HNA Group, one of China's most acquisitive conglomerates, agreed to buy CIT Group Inc.'s aircraft-leasing business for $10 billion, giving billionaire Chairman Chen Feng command over the biggest Chinese-owned fleet for rent.

HNA's Avolon Holdings Ltd. will create a leasing business with a fleet of 910 aircraft valued at more than $43 billion, the Dublin- and Hong Kong-based company said Thursday in a statement. The deal is scheduled to be completed at the end of the first quarter after regulatory and shareholder approval.

The transaction adds to the group's more than $10 billion of acquisitions announced this year and expands its travel and leisure business spanning airports, airlines and hotels. A growing middle class in the Asia-Pacific region — including China, poised to become the biggest aviation market within two decades — is spurring greater air travel and prompting carriers to increase their fleets while competition makes fares affordable to more people.

CIT intends to return $3.3 billion of common equity to shareholders, the New York-based bank said Thursday in a separate statement. The commercial lender is seeking to reduce annual operating expenses by $125 million over the next two years as it targets a return on tangible common equity of 10 percent, the firm said in March. The company has been exploring a sale of its aircraft business, which comprised about 23 percent of assets before the sale, since last year.

Shares Rise

CIT rose 4.4 percent to $38 in extended trading at 5:08 p.m. in New York. The stock had dropped 8.3 percent this year through the close of regular trading Thursday.

Airlines in Asia will fly more than 16,000 planes within 20 years, almost tripling the current number, according to estimates by Boeing Co. In the past three decades, the number of aircraft owned by operating lessors jumped 11 percent a year, according to Singapore-based Phillip Capital Pte.

Carriers are finding it can be cheaper to hire jets and avoid the millions of dollars required in initial outlay to buy them. For investors, the plane-leasing business may be more lucrative than running an airline, with contracts typically locked in for several years and ensuring a steady earnings stream.

HNA is among the most active players in what's shaping up to be a record year for overseas acquisitions by Chinese companies.

Azul, Virgin

In August, HNA completed the purchase of a stake in Azul Linhas Aereas Brasileiras SA, Brazil's third-largest airline, after agreeing in May to buy part of Virgin Australia Holdings Ltd. The group expects to complete its acquisition of Swiss airline caterer Gategroup Holding AG this year after taking over airport luggage-handler Swissport International Ltd. in February.

HNA has also shopped for non-aviation assets. U.S. computer and software distributor Ingram Micro Inc. agreed to be bought by a unit of HNA for $6 billion in February, and the Chinese group is seeking to buy the owner of the Radisson and Park Inn hotel brands.

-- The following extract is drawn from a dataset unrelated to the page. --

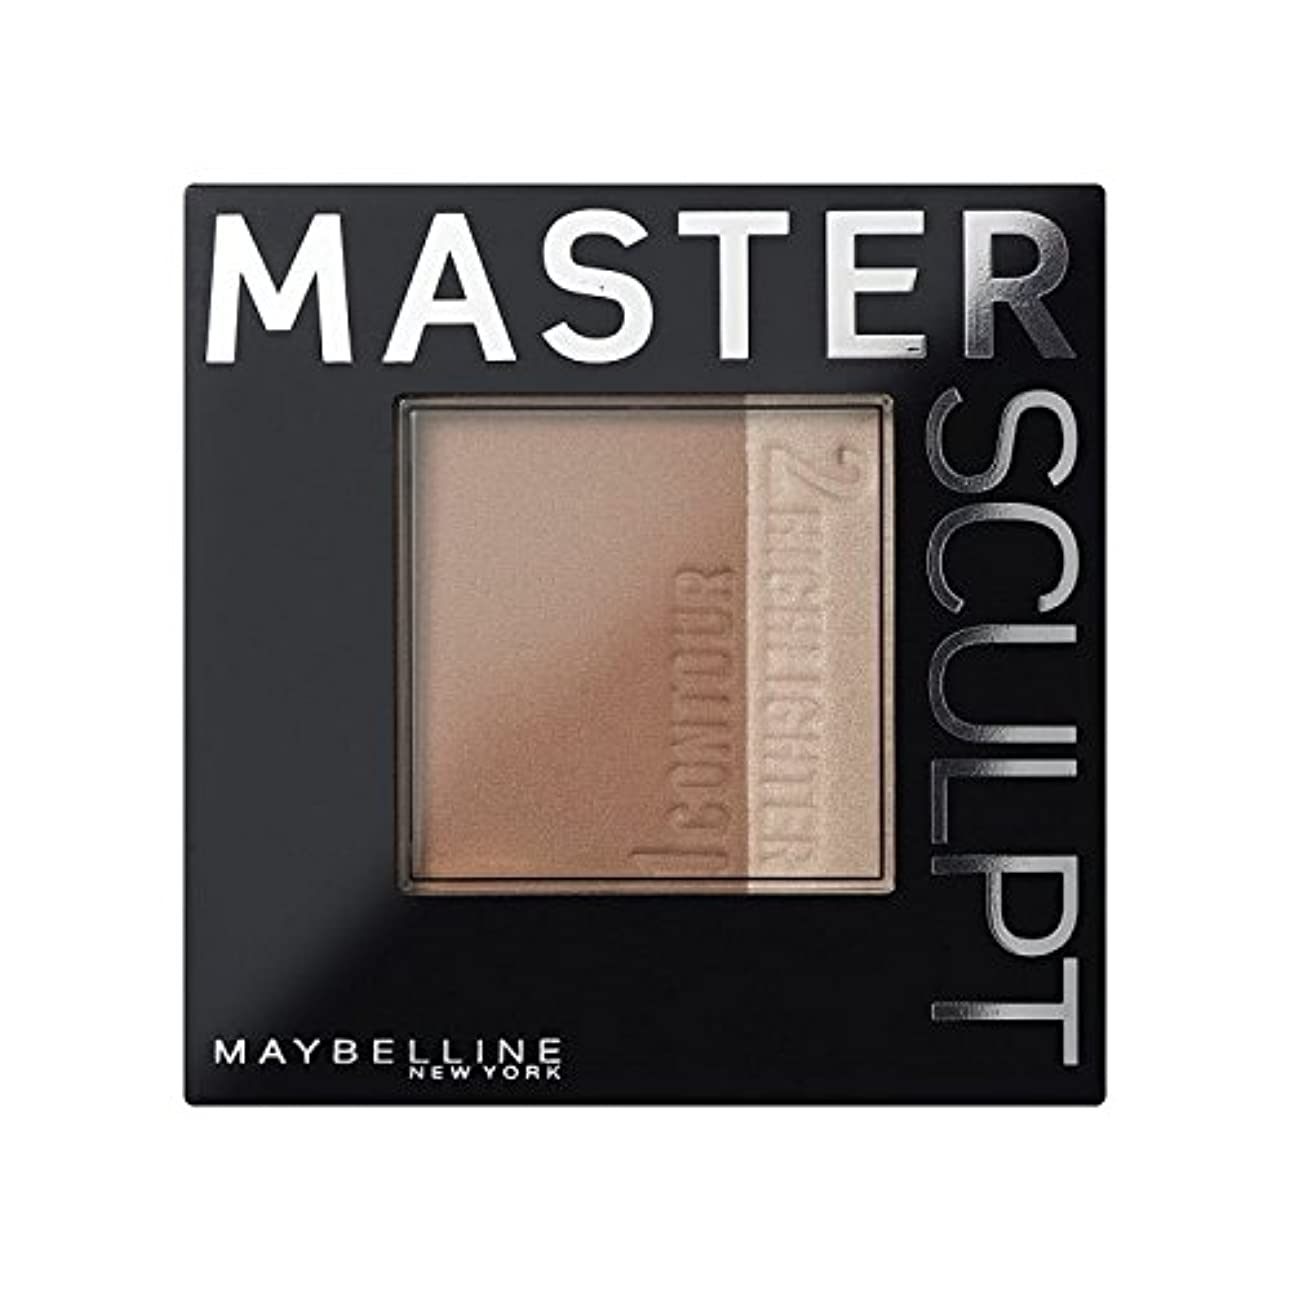 幹読書をする添加メイベリンマスタースカルプト基盤02の /暗い輪郭 x4 - Maybelline Master Sculpt Contouring Foundation 02 Med/Dark (Pack of 4) [並行輸入品]

HNA posted 2015 revenue of almost 190 billion yuan ($28 billion) and had about 200,000 employees worldwide, according to its website. Aviation is a key business for HNA, whose airlines include Hainan Airlines Co., the fourth biggest in China. The group's airlines flies more than 800 domestic and international routes with a fleet of 1,250 aircraft as of July.

Aercap Holdings NV and GE Capital Aviation Services, known as GECAS, are the plane-leasing market leaders, each with more than 1,000 planes in operation, according to Bloomberg Intelligence. Avolon said it had a fleet of 443 planes at the end of the second quarter. BOC Aviation Ltd., the aircraft-leasing unit of Bank of China, has 483 aircraft, according to a company statement.

In January, HNA-controlled Bohai Leasing Co. acquired Avolon in a $7.6 billion deal.